As shown in fig. 4 and 8, a recessed portion 3171 is formed at the end of the screw 307, a fixing member 317 is disposed on the circumferential surface of the pressing head 301, and a protrusion 3172 is formed at the center of the fixing member 317 and is confined in the recessed portion 3171 to be fixedly connected to the end of the screw 307, so as to further fix the pressing head 301.

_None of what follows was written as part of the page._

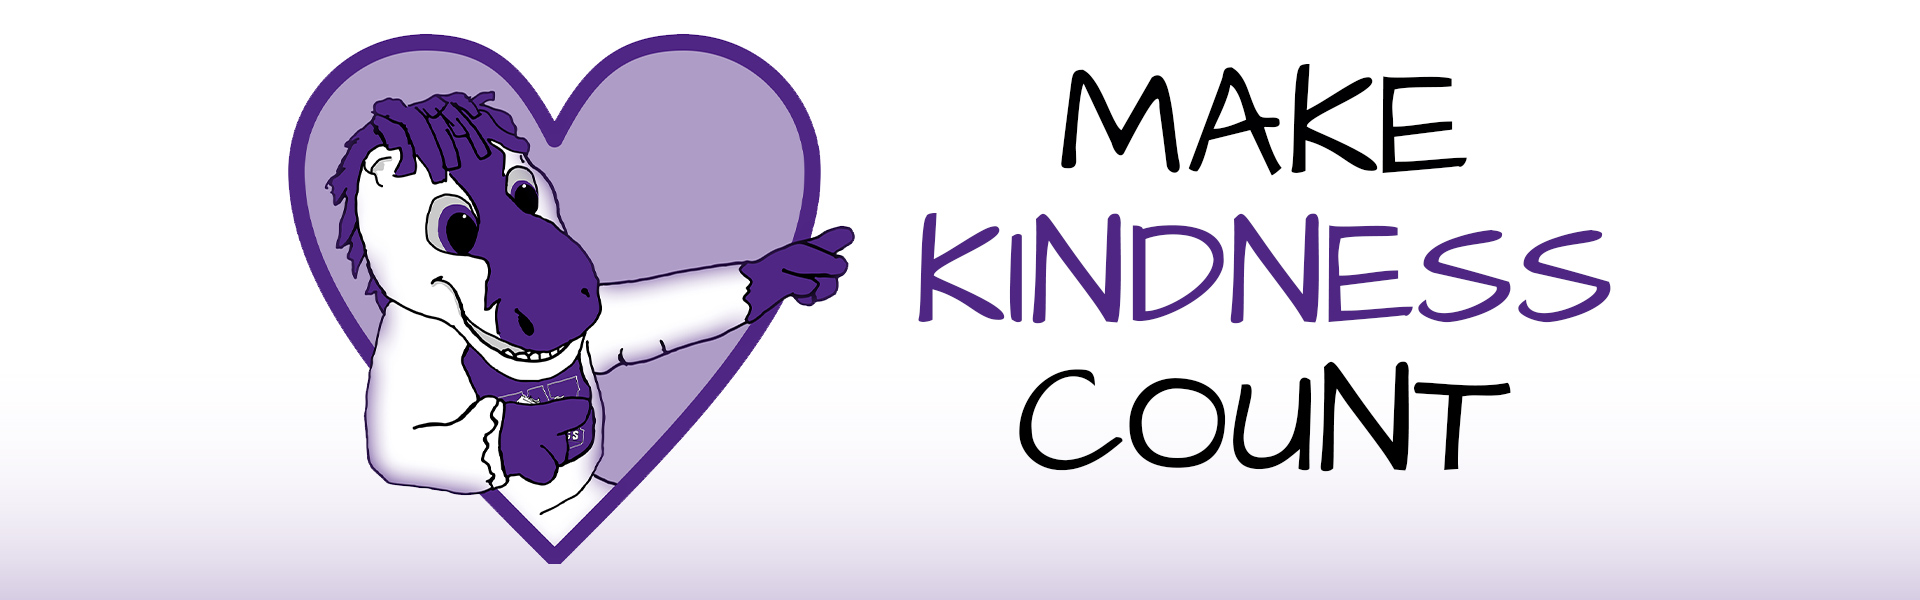 Make Kindness Count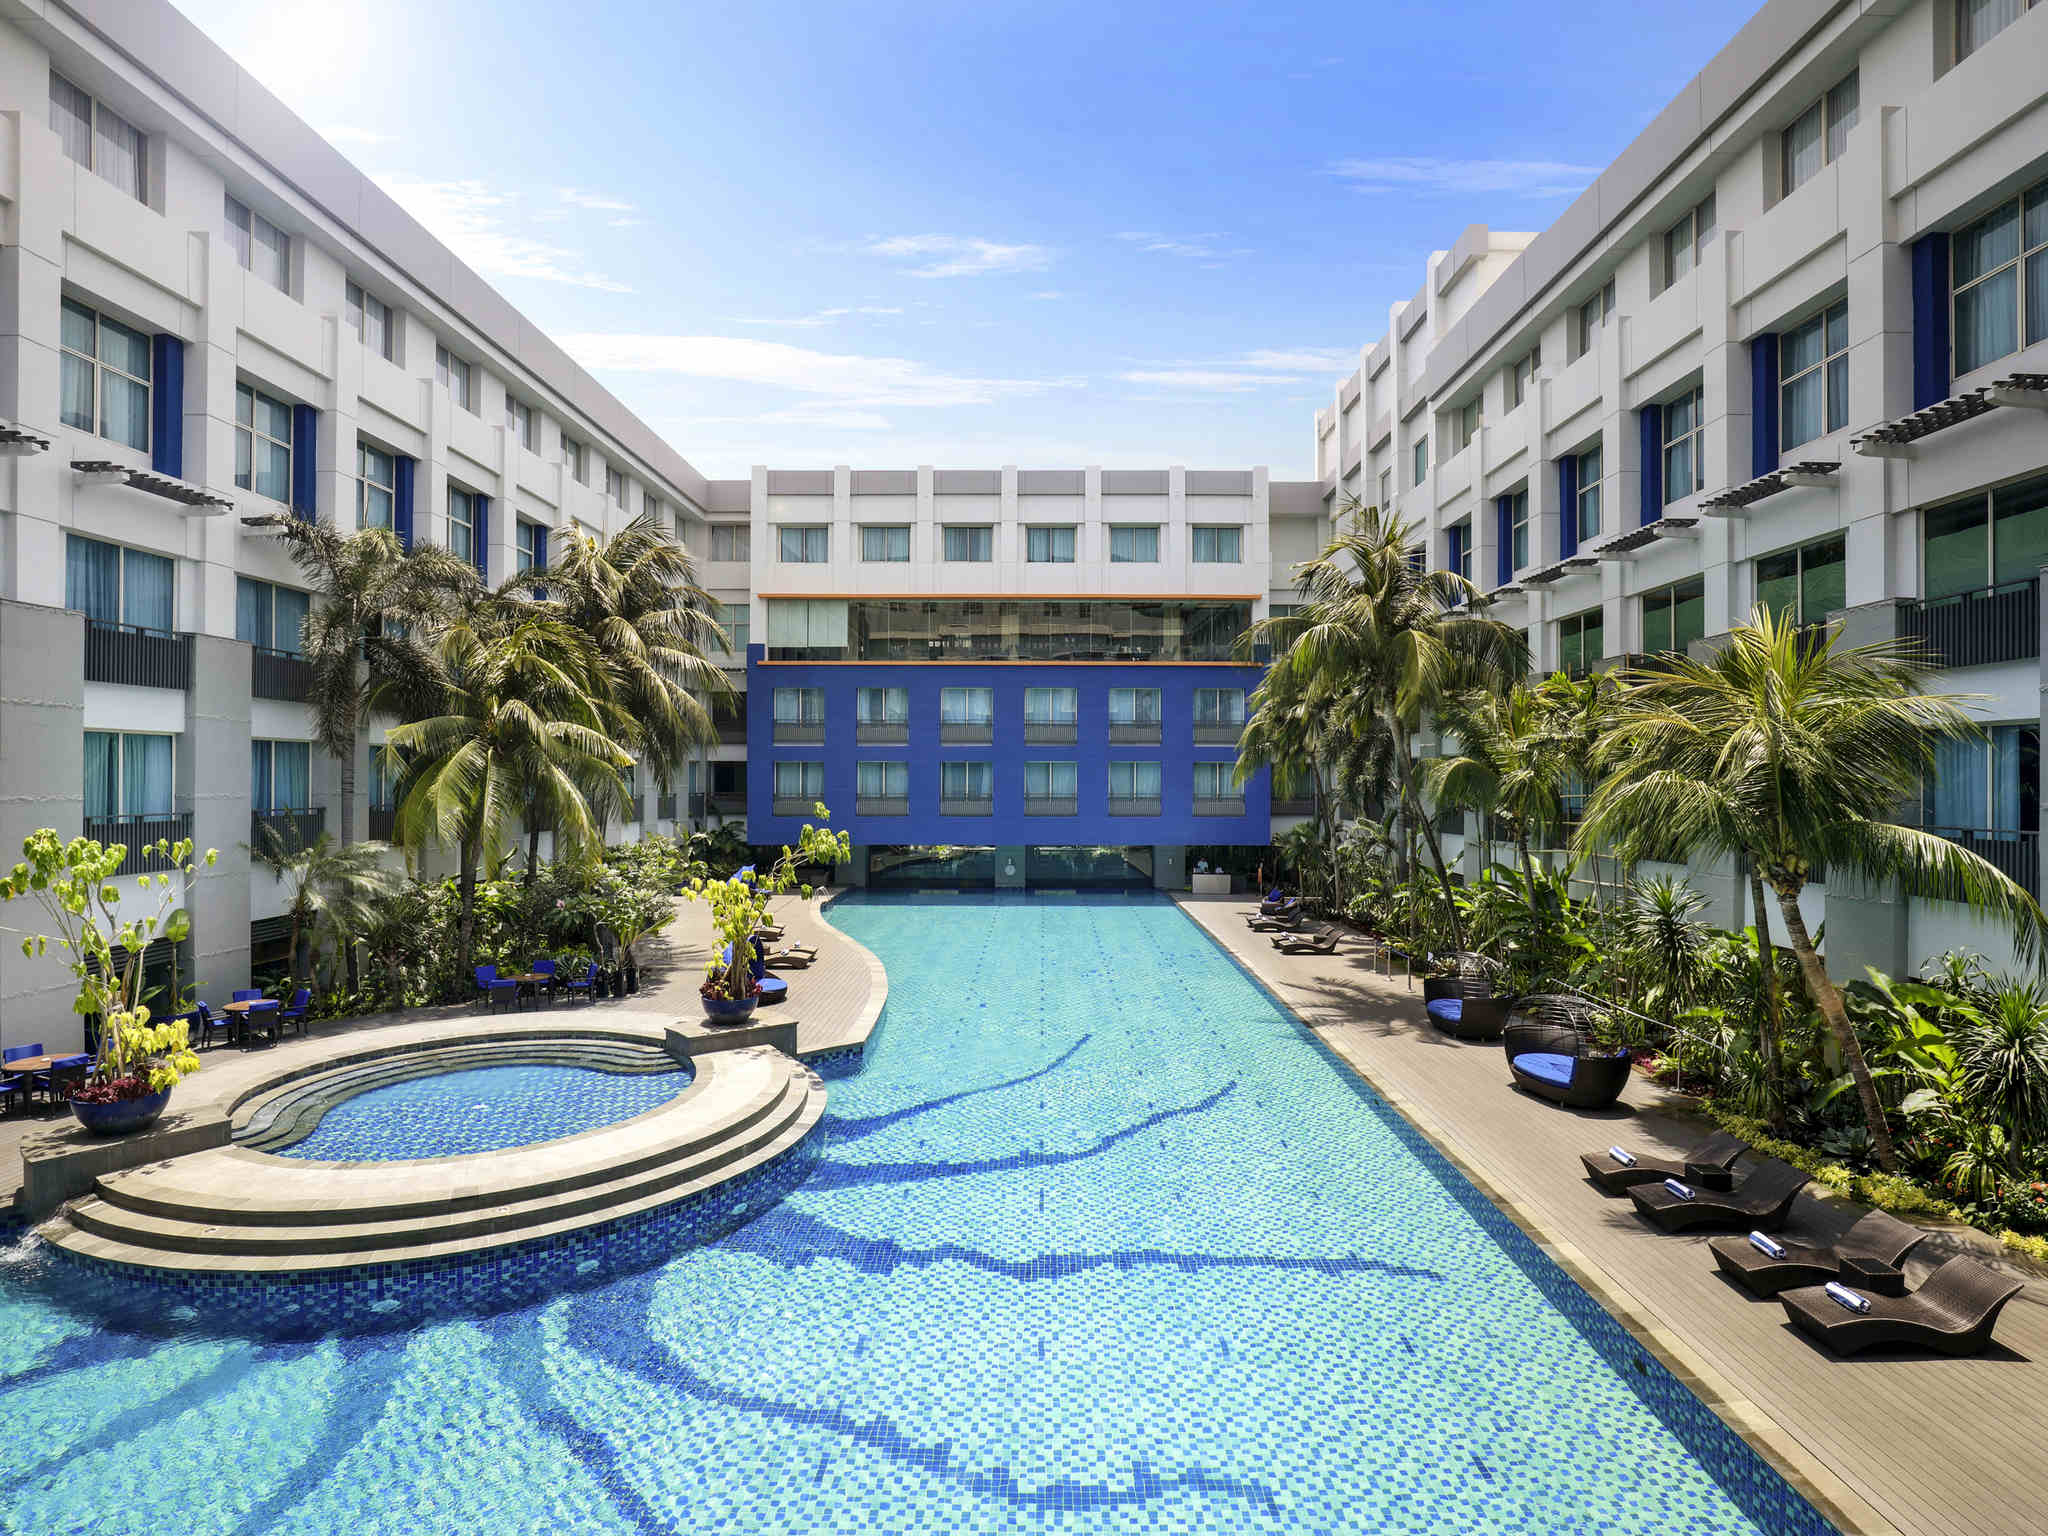 Pertumbuhan Jumlah Hotel di Jakarta, Nomor 3 Terbesar di Asia - MLDSPOT

Further, the side wall of the screw 307 forms a thread 3071 which is continuously spirally arranged, and the thread 3071 is sequentially formed with a pitch variation section 3071a located in the tapered tube 302 and a pitch constant section 3071b located in the straight tube 303 along the longitudinal extension direction (i.e., the OS axis direction in fig. 4), and the pitch d of the pitch variation section 3071a is smaller than the pitch d of the pitch constant section 3071 b. The inner walls of the screw 307, the pitch varying section 3071a and the tapered tube 302 enclose a synthetic powder compression space 3020, and the inner walls of the screw 307, the pitch constant section 3071b and the straight tube 303 enclose a synthetic powder homogenization space 3030.

The discharging mechanism of this embodiment compresses the powder entering the tapered tube 302 by the screw thread 3071 of the pitch varying section 3071a of the screw 307 in the tapered tube 302 to ensure that the powder in the powder compression space 3020 surrounded by the screw 307, the pitch varying section 3071a and the inner wall of the tapered tube 302 is filled without a gap, and then homogenizes and flows the powder compressed and entering the straight tube 303 in the powder homogenizing space surrounded by the screw 307, the pitch constant section 3071b and the inner wall of the straight tube 303 by the screw thread 3071 of the pitch constant section 3071b, and is extruded into the cup below the straight tube 303 through the through hole 3010 of the pressing head 301, thereby realizing the filling of the powder. Therefore, the discharging mechanism of the embodiment compresses and fills the powder through the pitch variation section 3071a, and homogenizes and flows the powder to be output through the pitch constant section 3071b, so that the powder filling quality is ensured, and the powder filling efficiency is improved. Thereby the problem that filling efficiency of filling mechanism is low and the filling quality is relatively poor among the prior art has been solved.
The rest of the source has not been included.